Before we get into that quick bit of background on who I am, I'm a
principal solutions architect at Amazon Web Services, part of the AWS
well architected team. My day job is helping
our customers and our partners to build secure, high performing,
resilient and efficient infrastructure for their workloads.
I've been working in the technology field for the last 14 years and most
of my focus has been on infrastructure reliability and data
management. So getting into this session
I think it's always worth quickly defining, first of all,
what we're talking about when we mean reliability,
just so that we're all set on the same page here. So reliability
is the ability of a workload to perform its required function
correctly and consistently over an expected period
of time. One of the quotes that I really
like to use here is we need to build systems that embrace failure as a
natural occurrence, which is from Werner Vogels, the CTO of Amazon.
So what we need to do is adapt the way that we think about building
these systems so that we embrace the potential failures
that are going to happen and include that as
being a natural occurrence within our systems.
A couple of resources just to mention before we go into this, which I will
be referring to. The first of these is the Amazon Builders library,
and this provides articles and video guides on how Amazon
has implemented different best practices across our architecture
and software delivery. In short, it's sharing what we've learned over the
last 20 years with our customers and our partners.
I'd also like to talk about the AWS well architected labs.
There's a collection of over 60 labs here helping you to get hands on
with some of the best practices that I'm going to be speaking about. All the
labs come with detailed walkthroughs and the content is all available on the linked
to GitHub repo if you'd like to contribute or provide feedback on them.
So I'll be referring to both of those aws we talk through what
I'm going to be covering.
So the main topic to cover here is on sharding of workloads,
and we'll start out with this as a concept, and then we'll dive
into a little bit more about what shuffle sharding means and how we can go
about implementing it. So think of sharding
a workload similar to how you would shard a database for one
entire workload. We'll shard the overall capacity
and segment it so that each shard is responsible for a subset of
those customers. By minimizing the number of components
that a single customer can interact with, we can limit the impact of any
potential issues.
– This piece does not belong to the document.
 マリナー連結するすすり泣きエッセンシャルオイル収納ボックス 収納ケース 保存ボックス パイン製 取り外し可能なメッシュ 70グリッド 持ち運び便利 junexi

If we had a workload without
any shuffle sharding, where any worker could handle any request,
a poisonous request, or a flood of requests from one single user
could spread through your entire fleet.
So in short, the scope of the impact could be related
to the number of customers divided by the number of sharding.
So we can help to limit the scope of impact.
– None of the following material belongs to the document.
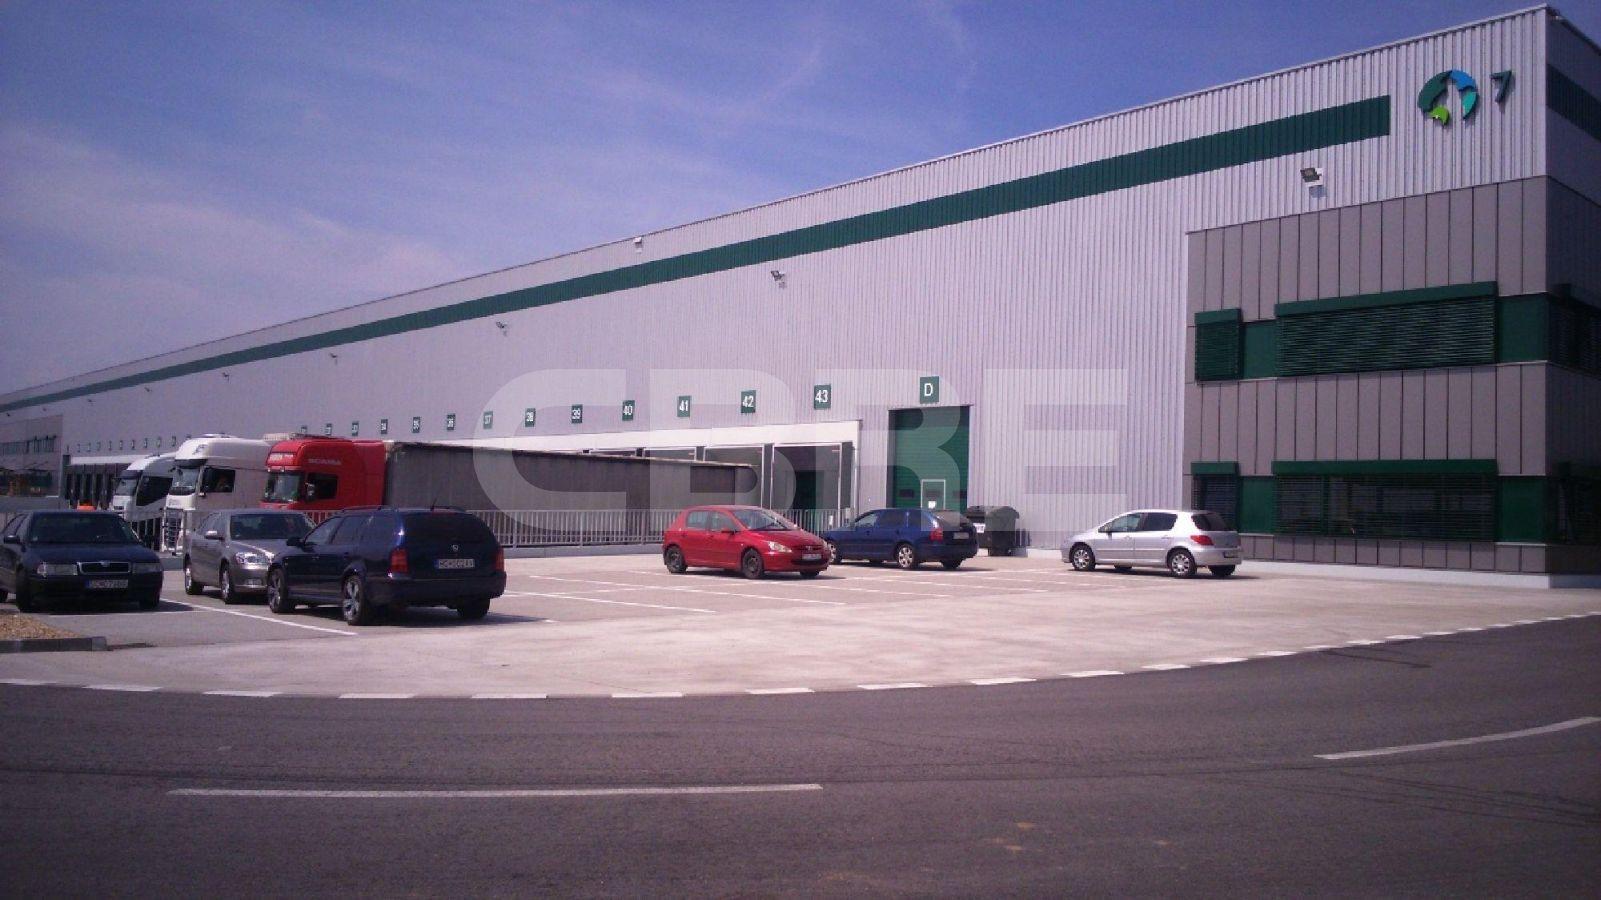 Prologis Park Senec - DC7 8 898 sq m, Bratislava Region, Senec | Warehouses for rent or sale by CBRE | 1

As the number of customers increase, we can increase the number of shards,
which will then help to scope the impact that that potential failures
could have down to a more manageable level,
meaning that it's going to have less of an impact on customers using our systems.
So let's talk through an example here of what
this sharding can look like. So let's imagine
we have a horizontally scalable system. In this case,
it's made up of eight worker nodes. Each worker node receives
requests that come in, maybe through a load balancer. There's no sharding,
so each worker can handle any request that happens
to come into the system. Now, if one
of those worker fails, the other seven can absorb
the work. Only a small amount of slack capacity is needed within
this system for it to be able to function.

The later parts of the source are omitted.